Discovery of robust and highly specific microbiome signatures of non-alcoholic fatty liver disease - PubMed (original) (raw)
doi: 10.1186/s40168-024-01990-y.
Andrea Marfil-Sánchez # 1, Xiuqiang Chen 1, Mohammad Mirhakkak 1, Huating Li 2, Weiping Jia 2, Aimin Xu 3 4 5, Henrik Bjørn Nielsen 6, Max Nieuwdorp 7, Rohit Loomba 8, Yueqiong Ni 9 10 11, Gianni Panagiotou 12 13 14 15
Affiliations
- PMID: 39810263
- PMCID: PMC11730835
- DOI: 10.1186/s40168-024-01990-y
Discovery of robust and highly specific microbiome signatures of non-alcoholic fatty liver disease
Emmanouil Nychas et al. Microbiome. 2025.
Abstract
Background: The pathogenesis of non-alcoholic fatty liver disease (NAFLD) with a global prevalence of 30% is multifactorial and the involvement of gut bacteria has been recently proposed. However, finding robust bacterial signatures of NAFLD has been a great challenge, mainly due to its co-occurrence with other metabolic diseases.

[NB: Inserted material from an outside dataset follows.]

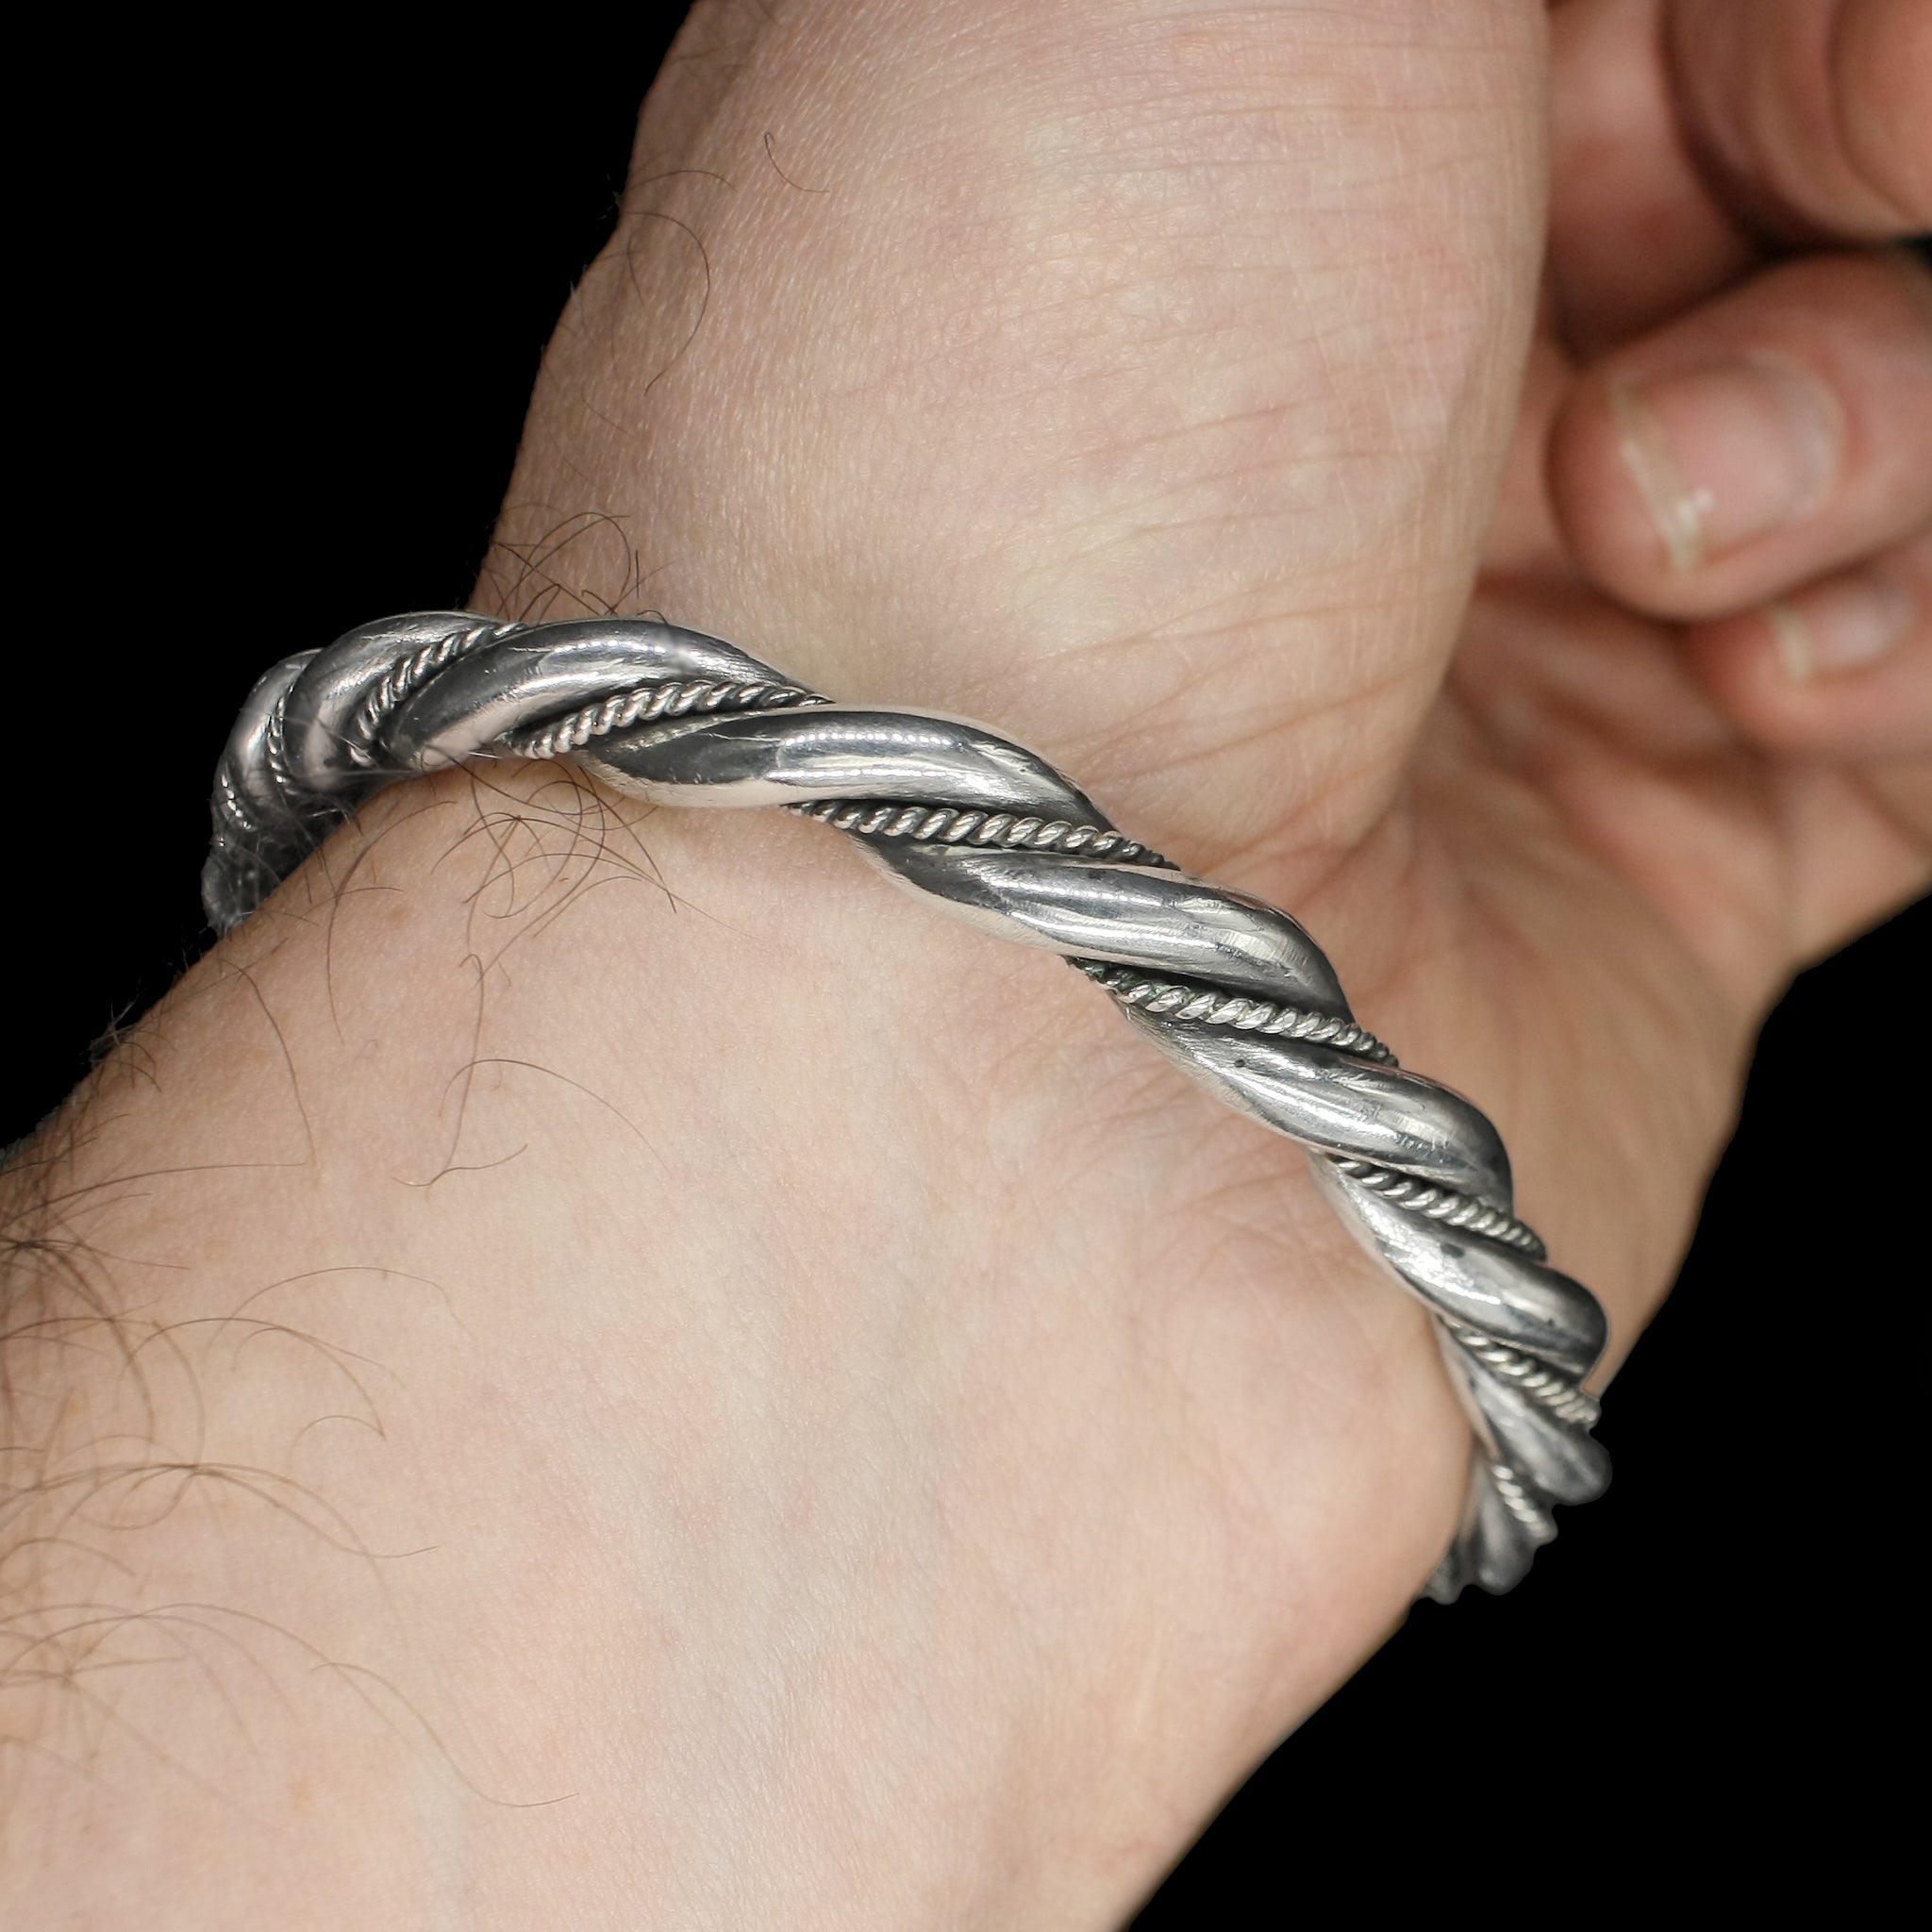 Medium Twisted Silver Arm Ring on Wrist

Results: Here, we collected public metagenomic data and integrated the taxonomy profiles with in silico generated community metabolic outputs, and detailed clinical data, of 1206 Chinese subjects w/wo metabolic diseases, including NAFLD (obese and lean), obesity, T2D, hypertension, and atherosclerosis. We identified highly specific microbiome signatures through building accurate machine learning models (accuracy = 0.845-0.917) for NAFLD with high portability (generalizable) and low prediction rate (specific) when applied to other metabolic diseases, as well as through a community approach involving differential co-abundance ecological networks. Moreover, using these signatures coupled with further mediation analysis and metabolic dependency modeling, we propose synergistic defined microbial consortia associated with NAFLD phenotype in overweight and lean individuals, respectively.
Conclusion: Our study reveals robust and highly specific NAFLD signatures and offers a more realistic microbiome-therapeutics approach over individual species for this complex disease. Video Abstract.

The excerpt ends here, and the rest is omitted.